I agree with every one here. I use metal curries all year. Plus, I also have about three different shedding blades that I use.


----------



## tinyliny (Oct 31, 2009)

I use a human hair brush with nobby "bristles". the horsies love the scatching power!


----------



## gypsygirl (Oct 15, 2009)

i used a metal curry comb when they are really dirty or shedding a lot. my mare loves it on her face =]


----------



## smrobs (Jul 30, 2008)

I also use a metal curry to remove stubborn mud, both during the winter and the summer. But, like Alex said, you have to be careful using one on a horse with thin or sensitive skin (Arabs, TBs, etc).


----------



## usandpets (Jan 1, 2011)

I use a metal curry comb all year. When there is stuff stuck to the horse, mud or manure, I'm more carefull so it doesn't pull too hard and pull on the hair. If you're wondering if you're combing to hard, try combing your arm. I've done the inside of my arm where it's more sensitive. That'll give you an idea how it feels to the horse.


----------



## Clair (Jun 7, 2010)

Slick and easy grooming stones are fantastic for mud. I've actually had people tell me they are more effective than metal curries. They're kind of like this black sort of stone, and my horse loves the way they feel. 
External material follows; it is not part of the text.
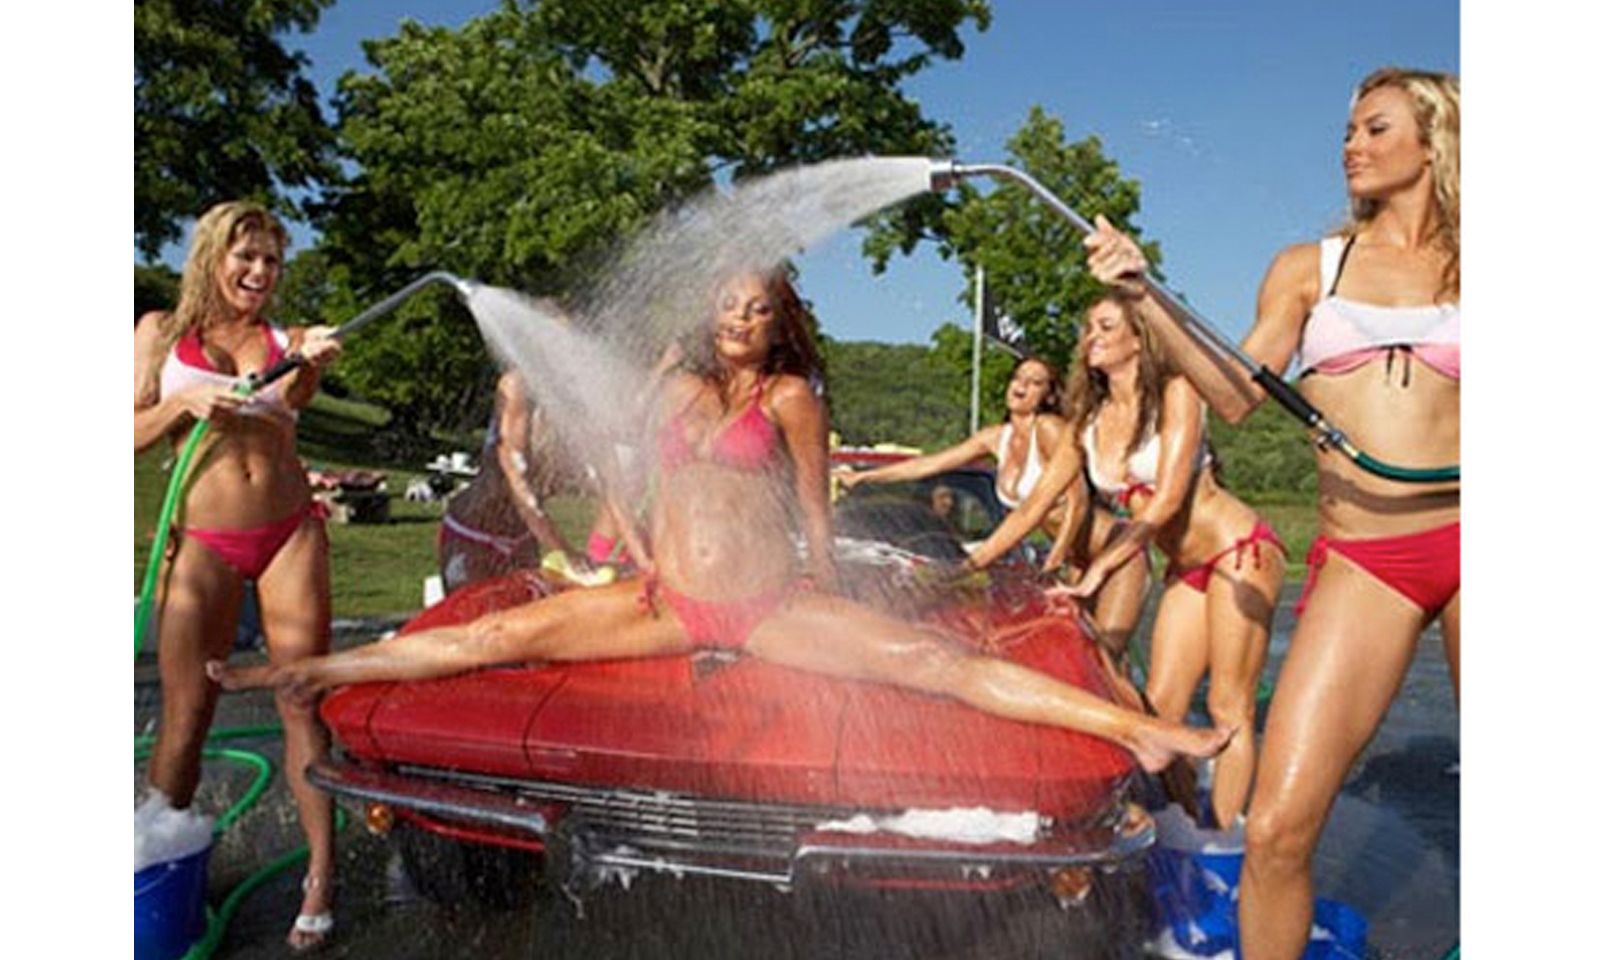 Naked bikini car wash

I got a metal curry for Christmas... I use it to clean my brushes... Lol
_Posted via Mobile Device_


----------



## fuadteagan (Jun 10, 2010)

Metal curries to me are used to clean other brushes. I would use a rubber curry because personally they work better or a REALLY stiff brush. I never use curries as I run circles and the dirt ends right back on the horse cause u do circles. Therefore, I use a special stiff brush that gets rid of mud and is good for the legs cause I don't have to change brushes. My horse lives outside also and their is no grass and here is rains for weeks at a time.


----------



## Tennessee (Dec 7, 2008)

I use a metal curry in the winter and a rubber one in the summer.


----------



## kayleeloveslaneandlana (Apr 10, 2011)

I use one for my horses mud too! It does not take the hair out at all. When they start shedding it sheds them but it definatly does not take the hair out. Relan and Relana LOVE mud. So I need something to get it off!


----------



## Kato (Apr 20, 2011)

I use metal when they are really muddy or in winter when she is really furry. Otherwise I use a rubber one, with larger knobby fingers. My horse really enjoys the massage she gets with that one.


----------



## UnRider (Feb 8, 2012)

usandpets said:


> If you're wondering if you're combing to hard, try combing your arm. I've done the inside of my arm where it's more sensitive. That'll give you an idea how it feels to the horse.


 I think it would make more sense to try it on your own head of hair. The inside of your arm is likely a lot more sensitive than a hair covered body part. If you are pressing too hard, you horse is likely to let you know, too.


----------



## MHFoundation Quarters (Feb 23, 2011)

I only use metal curries to clean brushes. I don't use metal anything on mine, I grew up with my mom preaching at me that metal curries/shedding blades/sweat scrapers dull and break the hair. 

I love slick & easy blocks (but buy large blocks in bulk at food supply stores - get 10 out of one big grill block for a couple bucks instead of $5 a piece) At that price, I don't care if they get nasty & full of dirt, I just take the rasp to the edges and file off until new and toss them when they get too small. 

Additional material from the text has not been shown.